After successfully printing the 3D tumour, Prof. Satchi-Fainaro and her colleagues demonstrated that unlike cancer cells growing on Petri dishes, the 3D-bioprinted model has the potential to be effective for rapid, robust, and reproducible prediction of the most suitable treatment for a specific patient.

According to Prof. Satchi-Fainaro, this innovative approach will also enable the development of new drugs, as well as the discovery of new drug targets – at a much faster rate than today.

Hopefully, in the future, this technology will facilitate personalized medicine for patients.

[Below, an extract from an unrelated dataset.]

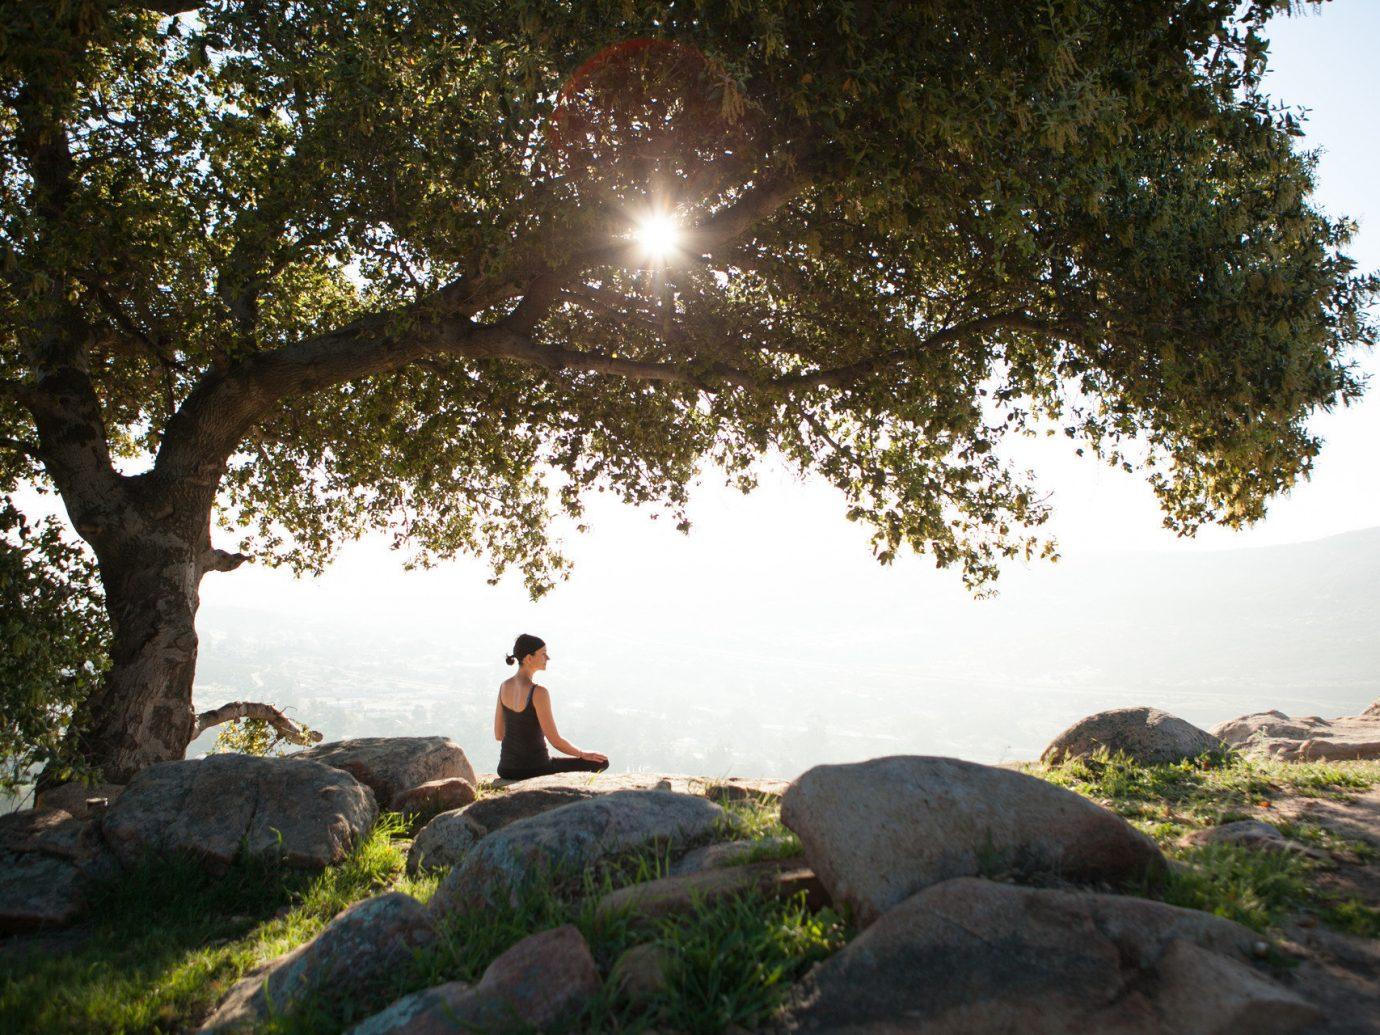 Health + Wellness Hotels Spa Retreats tree outdoor rock Nature man woody plant sunlight water feature autumn plant hillside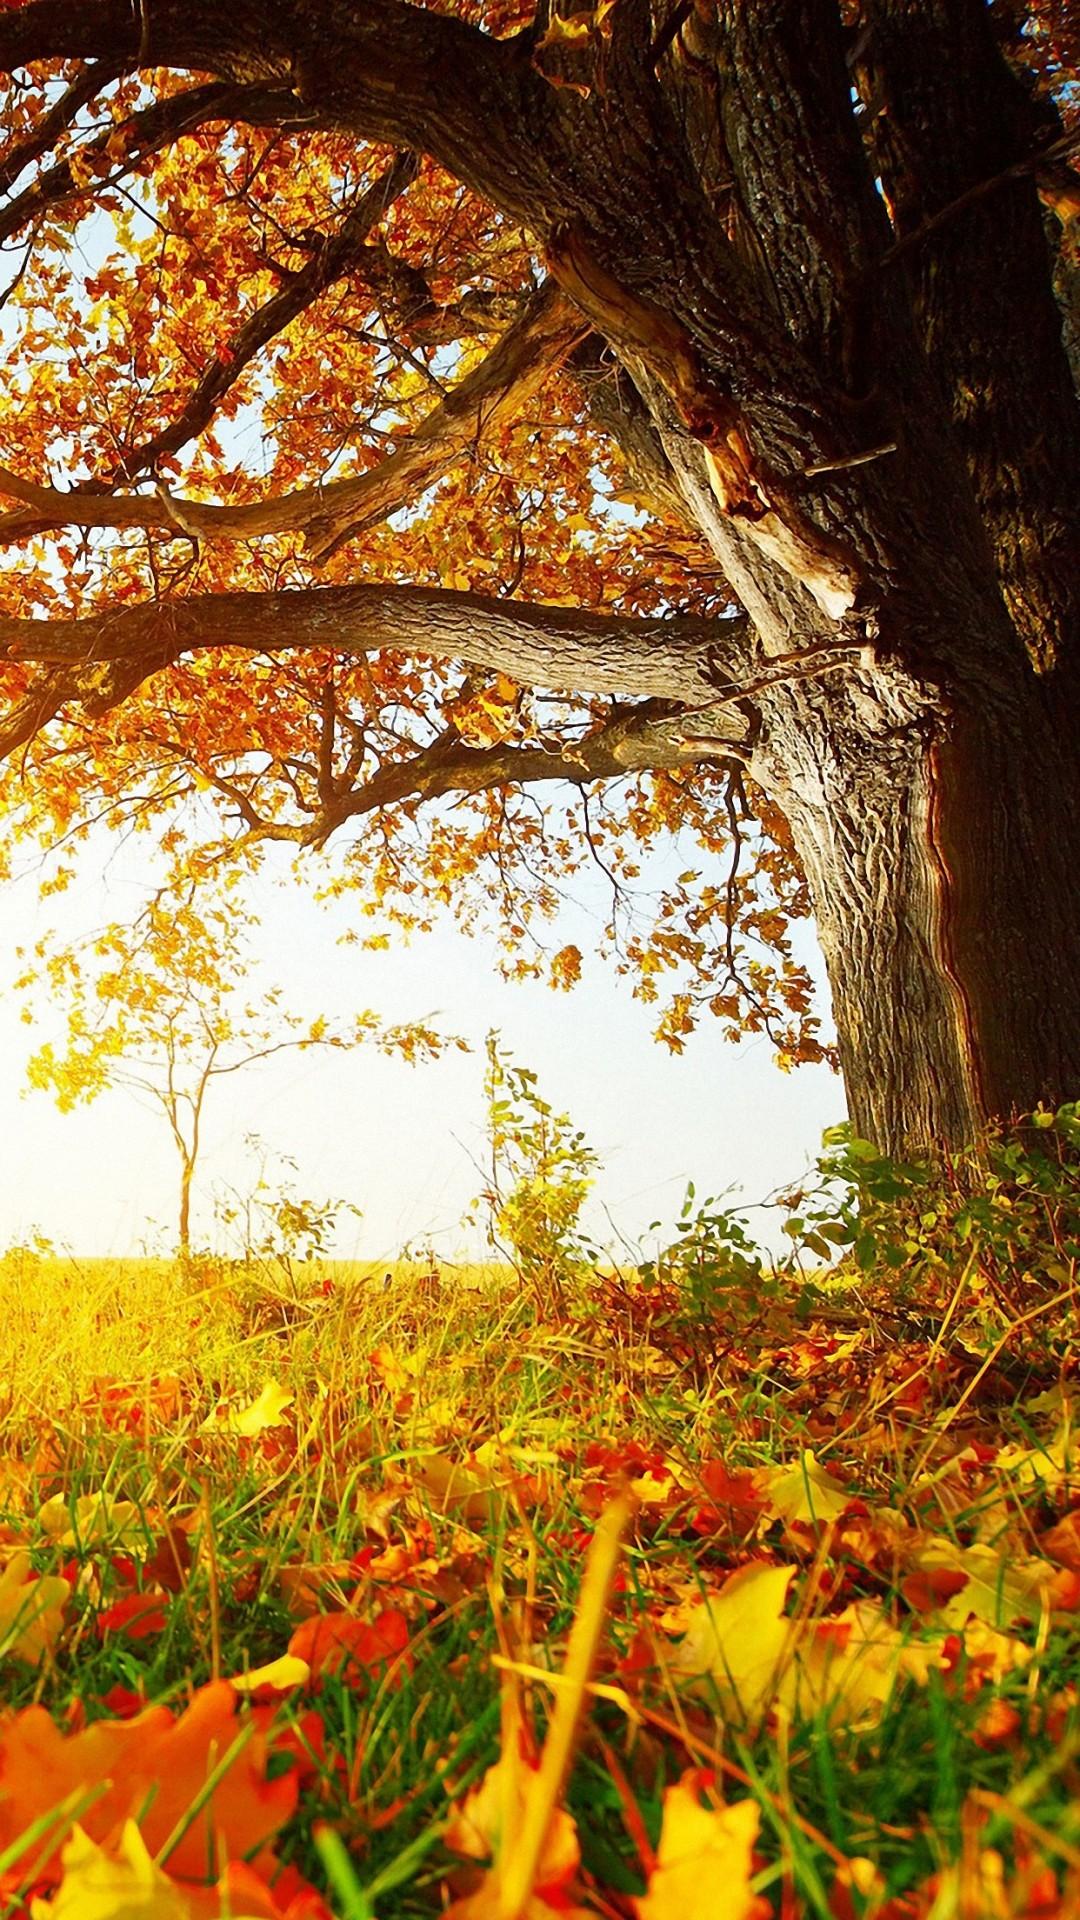 IPhone 6 Autumn Wallpaper (87+ images)

“If we take a sample from a patient’s tissue, together with its extracellular matrix, we can 3D-bioprint from this sample 100 tiny tumours and test many different drugs in various combinations to discover the optimal treatment for this specific tumour. Alternately, we can test numerous compounds on a 3D-bioprinted tumour and decide which is most promising for further development and investment as a potential drug. But perhaps the most exciting aspect is finding novel druggable target proteins and genes in cancer cells – a very difficult task when the tumour is inside the brain of a human patient or model animal. Our innovation gives us unprecedented access, with no time limits, to 3D tumours mimicking better the clinical scenario, enabling optimal investigation,” she said.